SUMMARY OF INVENTION

However, the problem with this known approach is that the application on the 2nd screen is not reactive enough if the time period chosen is long, and that the application stops unnecessarily if the time period chosen is short and the content contains for a longer period non-watermark-friendly parts.
This problem is solved by the method disclosed in claim 1.
An apparatus that utilises this method is disclosed in claim 2.
Advantageous additional embodiments of the invention are disclosed in the respective dependent claims.
In synchronising via audio watermarking a 2nd screen device or application with a main or 1st screen device like a TV, the invention is related to determining whether audio watermarking detection in the 2nd screen device is not possible due to non-watermark-friendly audio content, or due to the fact the content has stopped, e.g. due to user action or advertisements.
According to the invention, in the 2nd screen device watermark detector, additional information is used about which level of detection strength can be expected for a certain watermarking symbol. The corresponding detection strength level metadata is generated during or after the embedding process in a studio that produces the video/audio content supplied to the 1st screen device, and is loaded on the 2nd screen device before watermark detection. The advantage is that any 1st screen device (e.g. a facile TV receiver) on the market can be used for the inventive audio watermarking based synchronisation processing.
In case the 1st screen device has enough processing power it is also possible to generate the detection strength level metadata in the 1st screen device itself.
The 2nd screen watermark detector can then distinguish between sections of watermark ‘unfriendly’ audio content where low detection strength can be expected, and sections of watermark ‘friendly’ audio content where a high detection strength is expected. In case the watermark detector does not detect a symbol in watermark friendly content, the processing control decides that the presentation or replay of content from the 1st screen device has been stopped, whereas it decides to not stop but to continue trying to detect the watermark if no symbol can be detected in watermark unfriendly audio content.
An advantage of this kind of processing is significantly improved reactivity of the 2nd screen application: it is more quickly detected whether the user has stopped the content on the first screen or whether merely watermark ‘unfriendly’ content is played.
In principle, the inventive method is suited for determining in a 2nd device or application whether or not audio content received via an acoustic path from a 1st device or application has been stopped or is paused, wherein said audio content was targeted to be watermarked, said method including:

- carrying out in said 2nd device or application a watermark symbol detection in the received audio content and a related detection strength value determination;
  in case no watermark symbol has been detected:
- comparing a received expected detection strength value with a received detection strength threshold value;
- if said expected detection strength value is greater than said detection strength threshold value, deciding that content has been stopped in the 1st screen device;
- if said received expected detection strength value is not greater than said detection strength threshold value, deciding that content has not been stopped in the 1st screen device, and again carrying out said watermark symbol detection and said related detection strength value determination;
  in case a watermark symbol has been detected, comparing said determined detection strength value with said expected detection strength value and calculating therefrom a correspondingly updated detection strength threshold value which replaces said received detection strength threshold value;
  deciding that content has not been stopped in the 1st screen device, and again carrying out said watermark symbol detection and said related detection strength value determination.
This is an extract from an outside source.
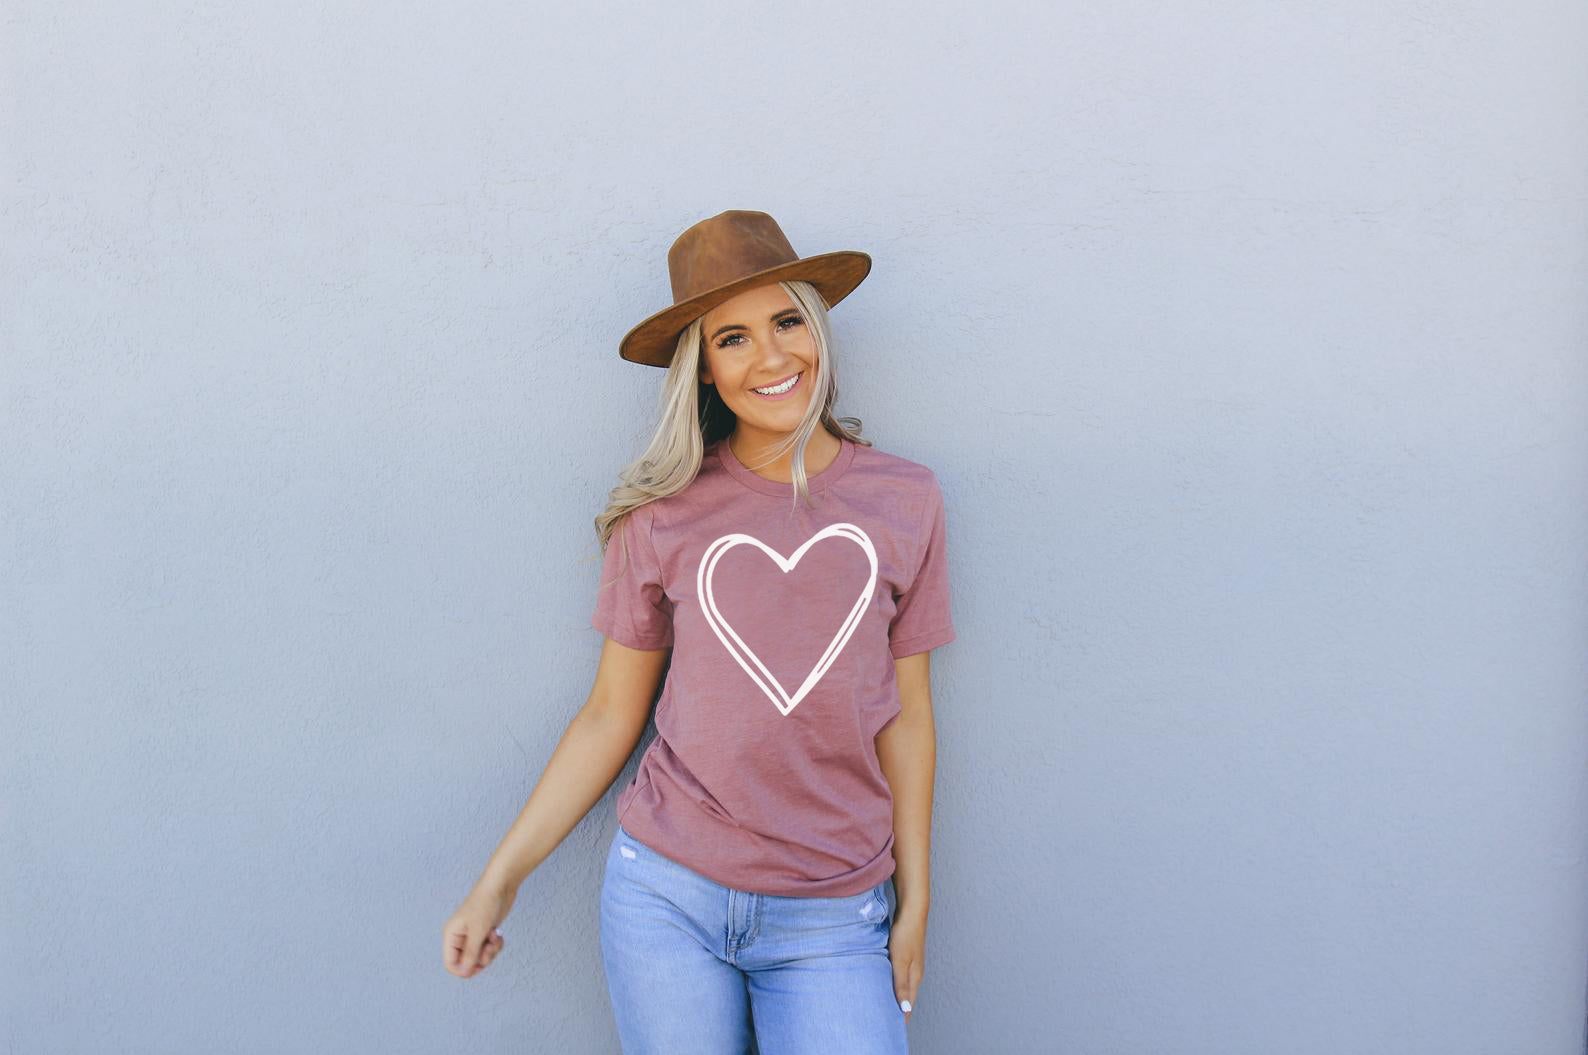 The "Heart" Tee - For a Cause

In principle the inventive apparatus is suited for determining in a 2nd device or application whether or not audio content received via an acoustic path from a 1st device or application has been stopped or is paused, wherein said audio content was targeted to be watermarked, said apparatus including:
means being adapted for carrying out in said 2nd device or application a watermark symbol detection in the received audio content and a related detection strength value determination;
means being adapted for, in case no watermark symbol has been detected, comparing a received expected detection strength value with a received detection strength threshold value, and if said expected detection strength value is greater than said detection strength threshold value, for deciding that content has been stopped in the 1st screen device, and if said received expected detection strength value is not greater than said detection strength threshold value, for deciding that content has not been stopped in the 1st screen device and continuing the processing in said means for carrying out said watermark symbol detection and said related detection strength value determination;
means being adapted for comparing, in case a watermark symbol has been detected, said determined detection strength value with said expected detection strength value and for calculating therefrom a correspondingly updated detection strength threshold value which replaces said received detection strength threshold value, and for deciding that content has not been stopped in the 1st screen device and continuing the processing in said means for carrying out said watermark symbol detection and said related detection strength value determination.

BRIEF DESCRIPTION OF DRAWINGS

Exemplary embodiments of the invention are described with reference to the accompanying drawings, which show in:

FIG. 1 inventive processing in the 2nd screen device;

FIG. 2 detection strength measurement in the 1st screen device;

FIG. 3 detection strength estimation in the 1st screen device;

FIG. 4 detection strength calculation for correlation based system.

DESCRIPTION OF EMBODIMENTS

Even if not explicitly described, the following embodiments may be employed in any combination or sub-combination.
The invention is related to audio watermarking, in which watermarking information is inaudibly embedded in an audio data stream. The watermarking information is comprised of several bits, and a sequence of bits which can be independently decoded is called a payload. A typical payload size is 20 bits. Such payload is usually secured by an error correction code or processing. The resulting bits are embedded via watermarking symbols into the audio data stream. For example, one scheme is to use two symbols where one symbol denotes the bit value ‘0’ and the other one the bit value ‘1’.
According to the invention, in connection with watermark signal embedding the expected detection strength is determined. This can be performed by running a watermark detector possibly after some kind of modification of the audio signal (like adding noise), or the watermark detection strength can be estimated directly during embedding, for example by taking into account the embedding strength as determined by a psycho-acoustical model.
The expected detection strength for each watermarking symbol, an initial detection strength threshold value, and possibly some metadata like a content ID and the position of the symbols inside the content is then transferred to a second screen device. Often dedicated apps for each show are used for 2nd screen applications. That means that this detection strength information can be downloaded via Wi-Fi or via a mobile network together with the app, or the detection strength information can be loaded later by the app, for example at start-up time of the app or if the app has identified what kind of content is played on the first screen. Advantageously, loading of additional content is anyway used by the app and therefore the loading of detection strength information leads to no additional complexity in the app logic or on the backend server.
The 1st screen device may be a device without screen, e.g. a radio. The 2nd screen device may be a device without screen, e.g. a toy reacting to the content presented on the 1st device.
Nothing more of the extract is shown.